Stories detailing the theft of personal information from enterprise databases have filled our news for years and are reaching almost unbearable intensity and frequency. Even back in 2005, it was reported that more than 55 million Americans had their personal data exposed in more than 130 major security breaches. A more recent survey found that nearly 90 per cent of Fortune 500 companies and government agencies have experienced security breaches (that they know of!)
Consider the infamous TJX breach. The US-based retail giant discovered more than a year ago -- and much too late -- that its computer systems were compromised because of an unsecured wireless network and that sensitive customer data was stolen. It wasn't until later that the owners of T.J. Maxx publicly announced the breach, and even when they announced the breach, they were unaware of the full extent of the damage. Later, TJX made public that the number of affected customers had reached 94 million. Even today, years after the breach, there are reports of the company's security not being up to the Payment Card Industry Data Security Standard (which is not, to put it mildly, overly stringent). Similarly, another recent intrusion at Hannaford Bros. highlighted the fact that even complying with PCI does not guarantee that a damaging breach won't happen.
In the wake of each breach came public outcry about corporate responsibility for not only ensuring the security of customer data but also for proper notification of those affected. Compliance mandates such as PCI provide system and information security requirements for companies. Still, as the Hannaford example shows, a compliant firm can still be successfully compromised and have information stolen. And always, the remaining question is: What are the guidelines for breach notification, the other half of the corporate security responsibility story?
The first security breach notification law (enacted in 2003 and called the California Data Security Breach Notification Law, or CA 1386) requires companies to give individuals early warning in the event that their unencrypted personal information is "accessed by an unauthorized person" (which is nothing but an euphemism for "stolen"). The idea was that with knowledge of a breach, affected people can lessen the effects of the crime by taking steps to protect themselves against further identity theft. In reality, these laws work mostly through forcing the companies to safeguard information because of fear of public embarrassment, which essentially becomes mandatory. CA 1386 gives companies permission to delay notification only if it would impede a criminal investigation.
At that time, California was the only state with legislation requiring the disclosure of security breaches involving personal information. Since then, more than 40 states have passed data security breach disclosure laws, each with unique notification mandates, but all modeled after CA 1386. A national notification law, rather than disparate state laws, would help unify corporate reaction to and notification of security breaches; several bills currently making their way through Congress detail potential requirements. Some countries are also considering such laws, including the UK, Australia and New Zealand.

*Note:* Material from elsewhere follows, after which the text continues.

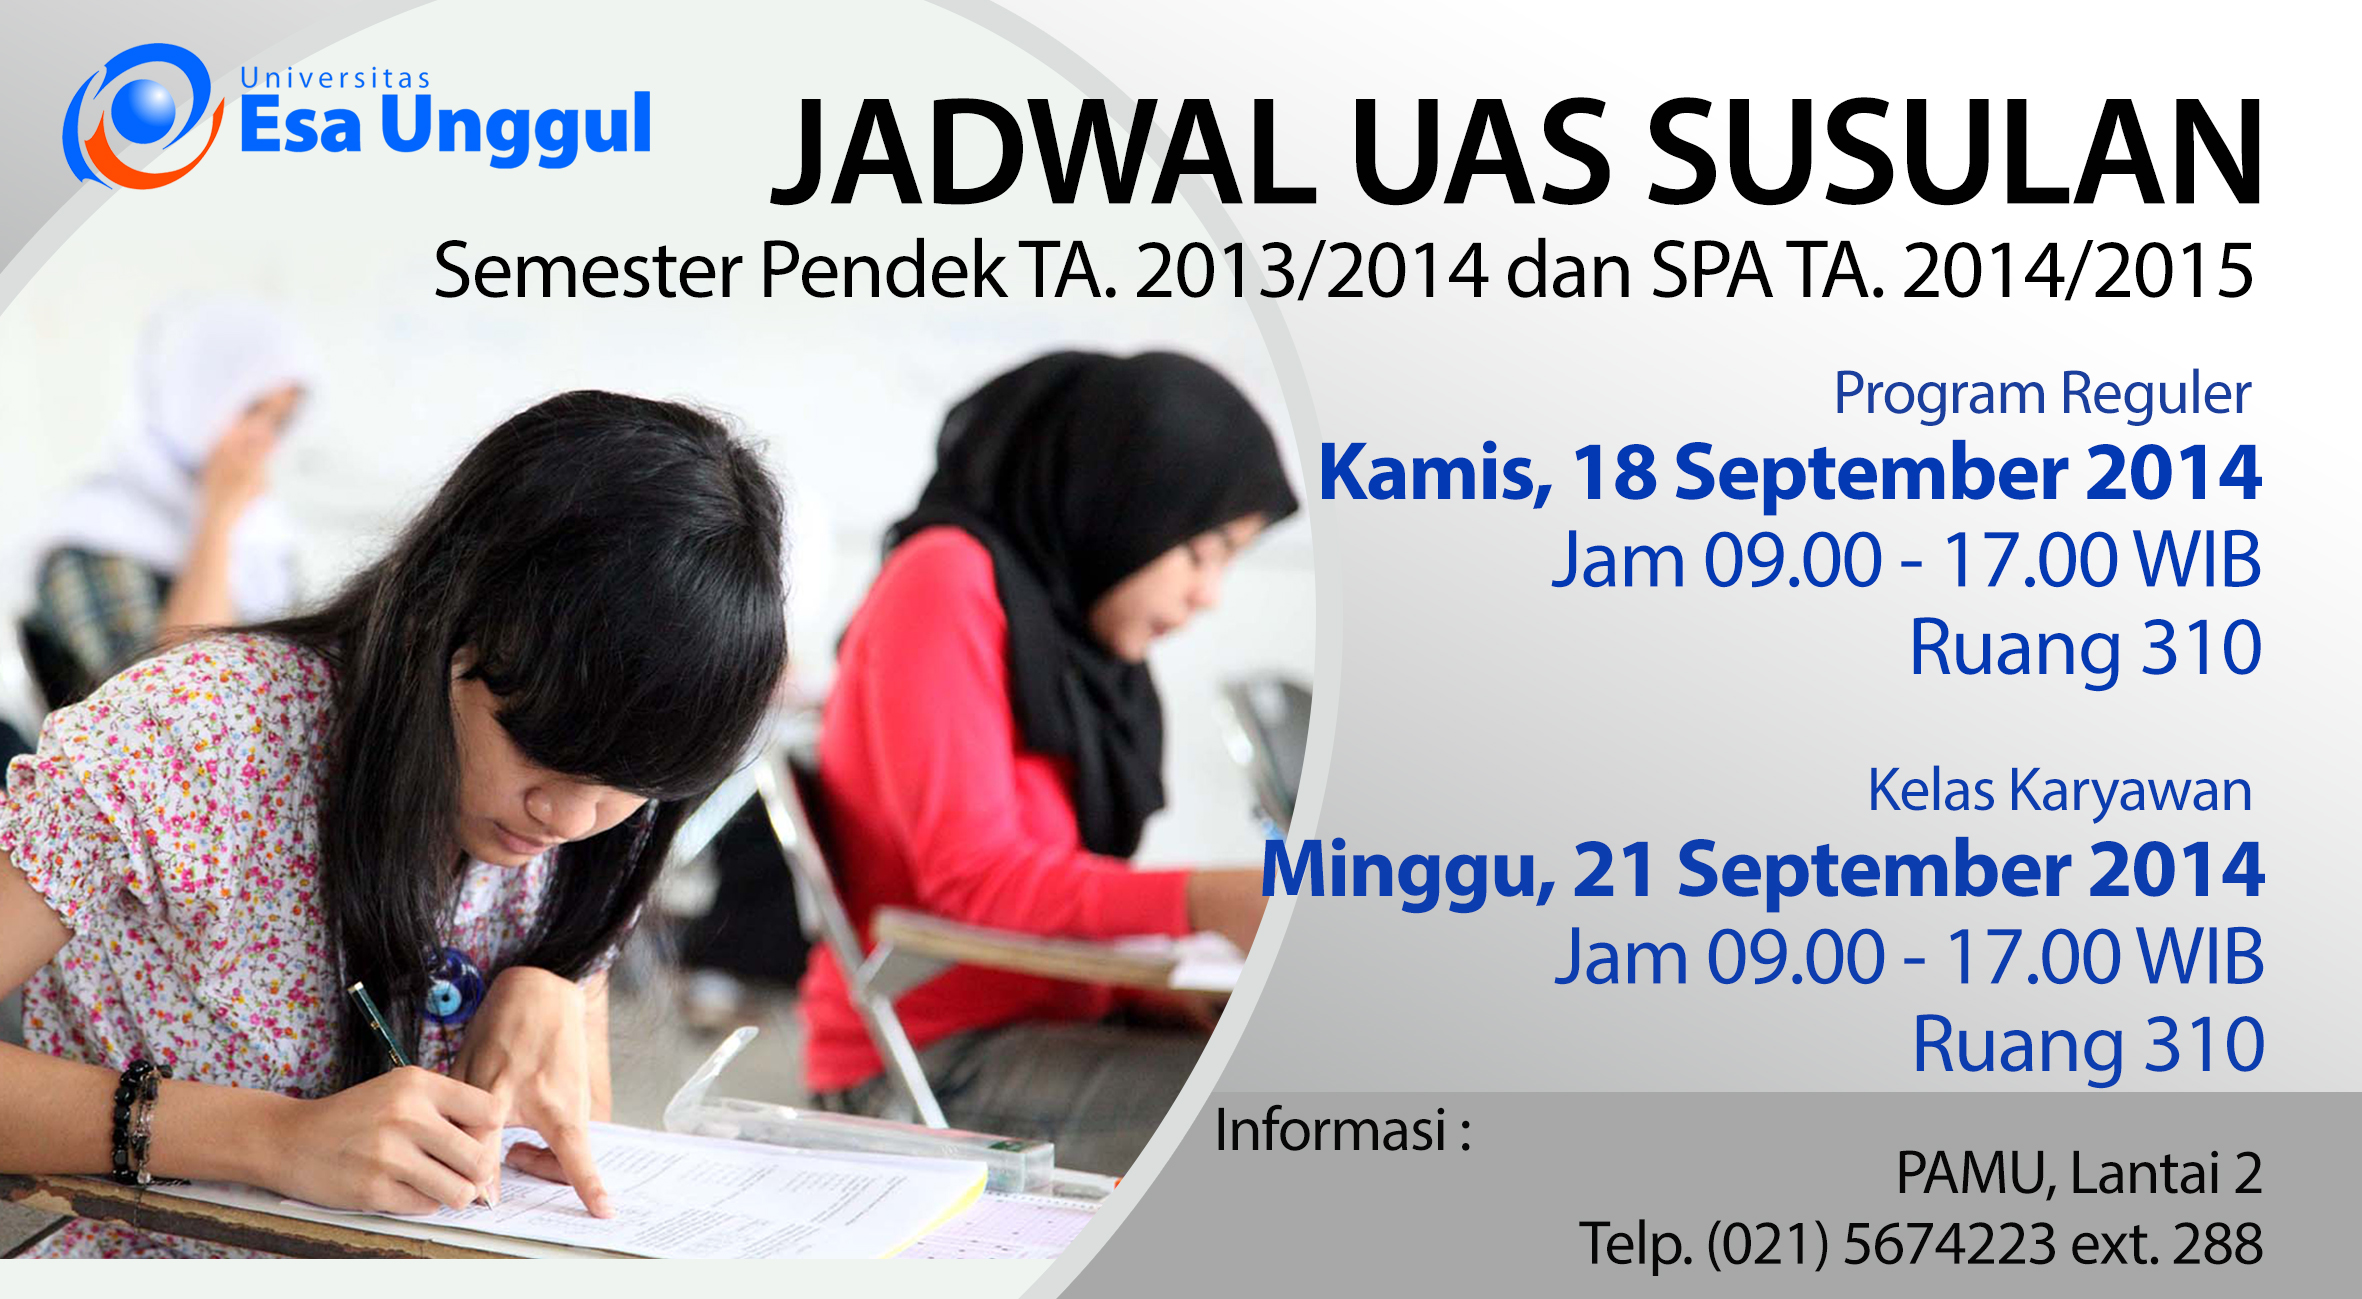 Jadwal dan Tata Cara Ujian Akhir Semester (UAS) Susulan SP/SPA Sem. 2013/2014

For those of you familiar with my writing, you are probably waiting for logs to make their grand entrance. After all, what data security discussion would be complete without mentioning the topic of logs? Indeed, logging requirements are hidden in many regulatory mandates that do not mention "logs" by name. Breach-disclosure laws are a primary example.
I have always championed log data as one of the cornerstones of IT security and one of the best ways to detect unusual activity as well as audit normal user and system activities. Log data is also useful for mitigating the fallout from security breaches since it reveals who accessed confidential customer data, when access occurred and by what methods.